TASK ITEM:
Write out the listing below without alteration, omitting its pictures.

DATA SHOWN:
▼

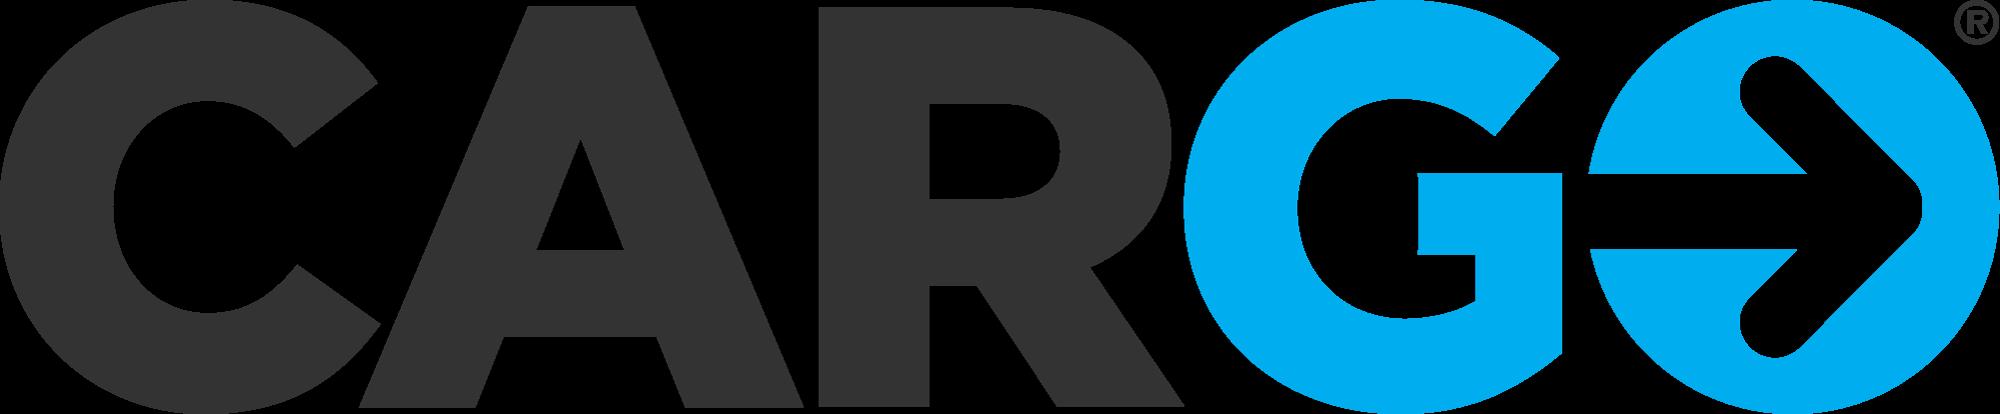 RideGuru - Rideshare Auto Insurance Information 2019
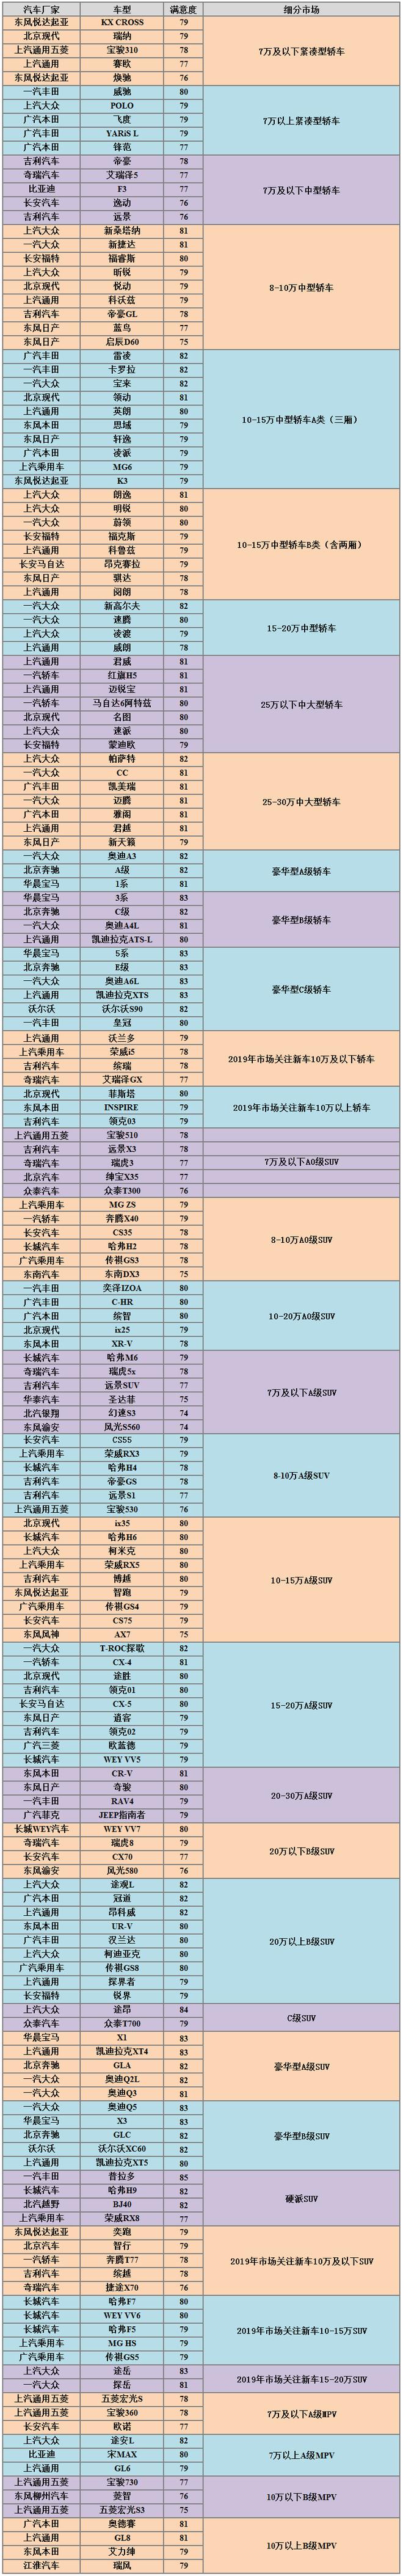 2019年中国汽车行业百辆新车故障率同比升14%
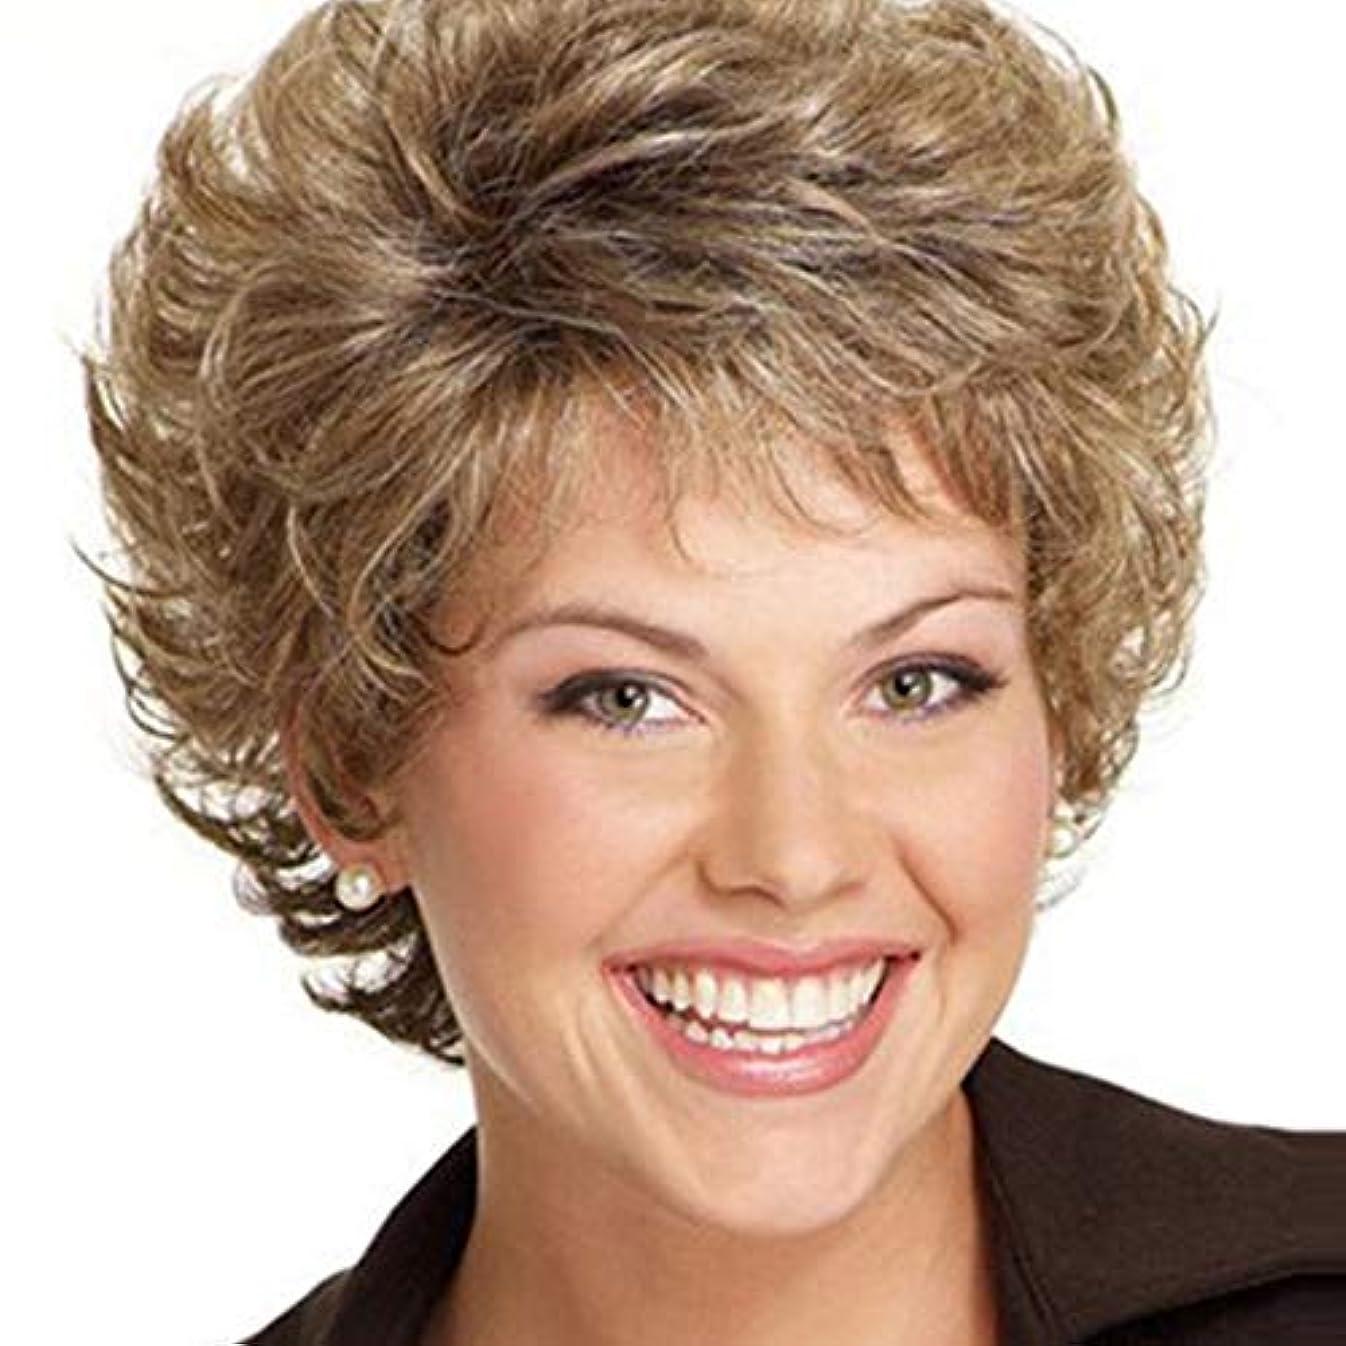 罪抗生物質予備WASAIO 女性のショートカーリーウィッグ合成ショートカーリーブロンドウィッグ (色 : Blonde)

▲

OUTPUT OF THE EXERCISE:
 RideGuru - Rideshare Auto Insurance Information 2019
 2019年中国汽车行业百辆新车故障率同比升14%
 罪抗生物質予備WASAIO 女性のショートカーリーウィッグ合成ショートカーリーブロンドウィッグ (色 : Blonde)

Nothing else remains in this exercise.